§ **Input data**:

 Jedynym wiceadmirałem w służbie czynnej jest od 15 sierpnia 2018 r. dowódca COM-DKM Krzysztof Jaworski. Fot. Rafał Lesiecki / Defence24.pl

---

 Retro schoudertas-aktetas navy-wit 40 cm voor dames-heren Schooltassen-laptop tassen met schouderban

...

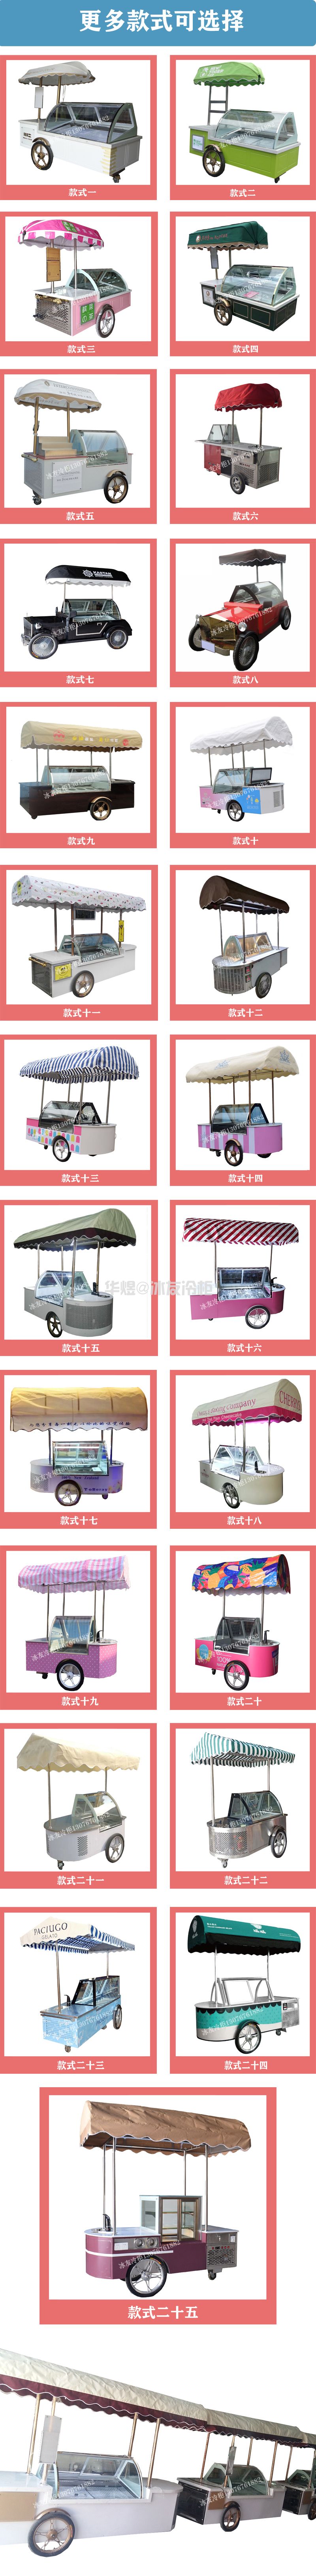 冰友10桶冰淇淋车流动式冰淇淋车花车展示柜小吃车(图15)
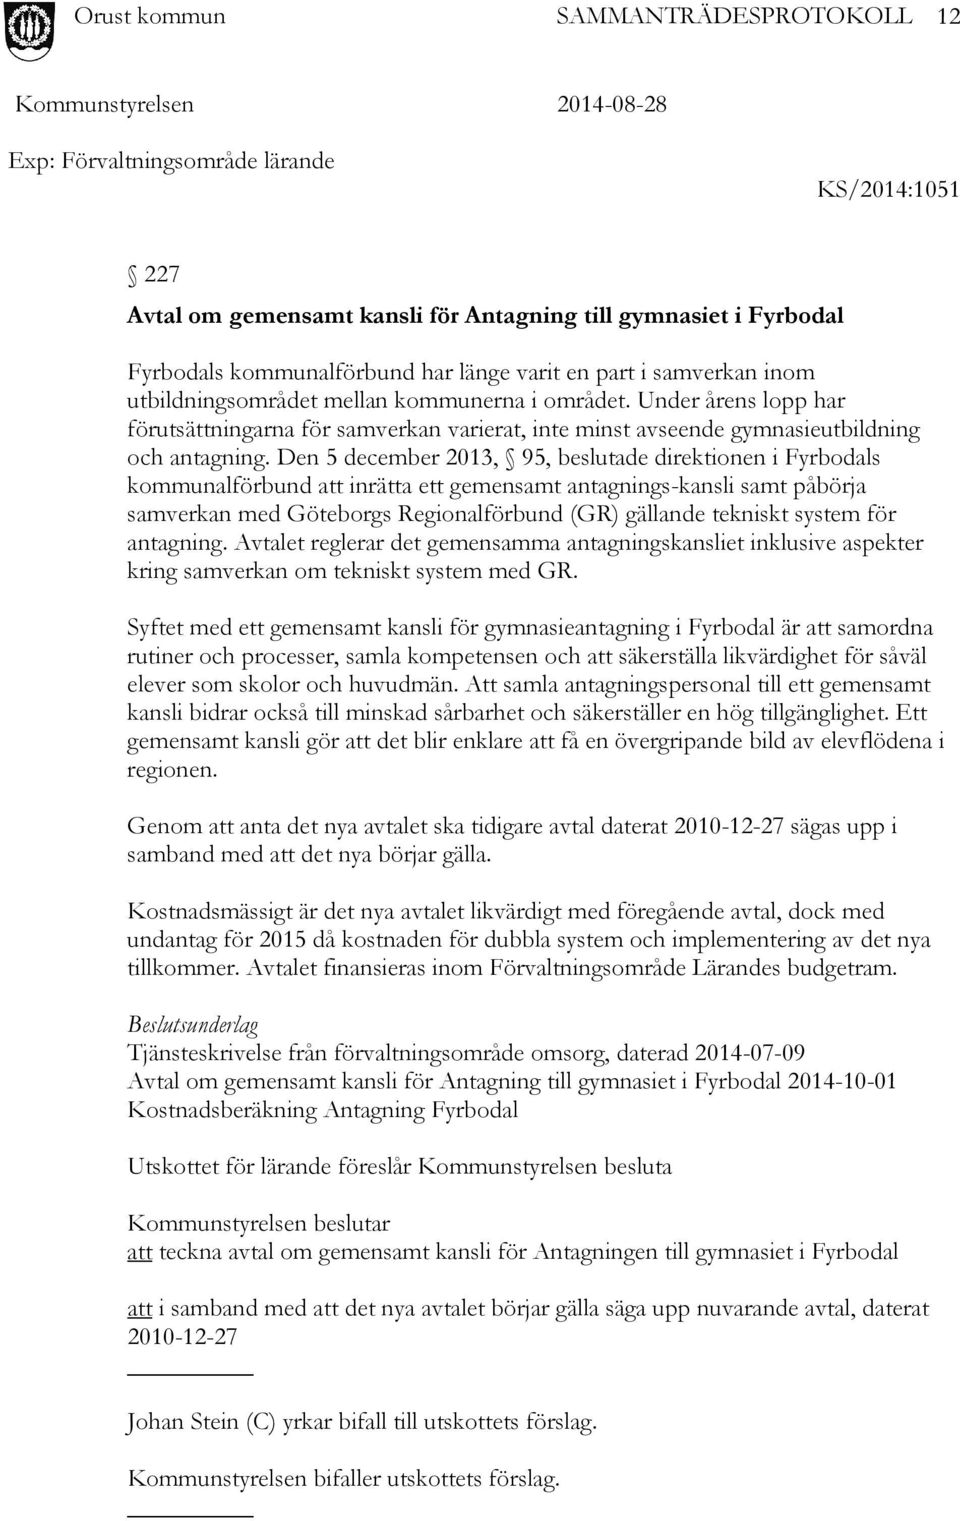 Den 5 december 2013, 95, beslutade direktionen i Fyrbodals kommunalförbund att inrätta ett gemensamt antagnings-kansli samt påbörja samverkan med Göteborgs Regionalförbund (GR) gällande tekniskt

§ **Work order**: Among the entries above, copy exactly the stretch from the line holding "冰友10桶冰淇淋车流动式冰淇淋车花车展示柜小吃车(图15)" through the line holding "Den 5 december", leaving out any pictures.

§ **Output**:
 冰友10桶冰淇淋车流动式冰淇淋车花车展示柜小吃车(图15)
 Den 5 december 2013, 95, beslutade direktionen i Fyrbodals kommunalförbund att inrätta ett gemensamt antagnings-kansli samt påbörja samverkan med Göteborgs Regionalförbund (GR) gällande tekniskt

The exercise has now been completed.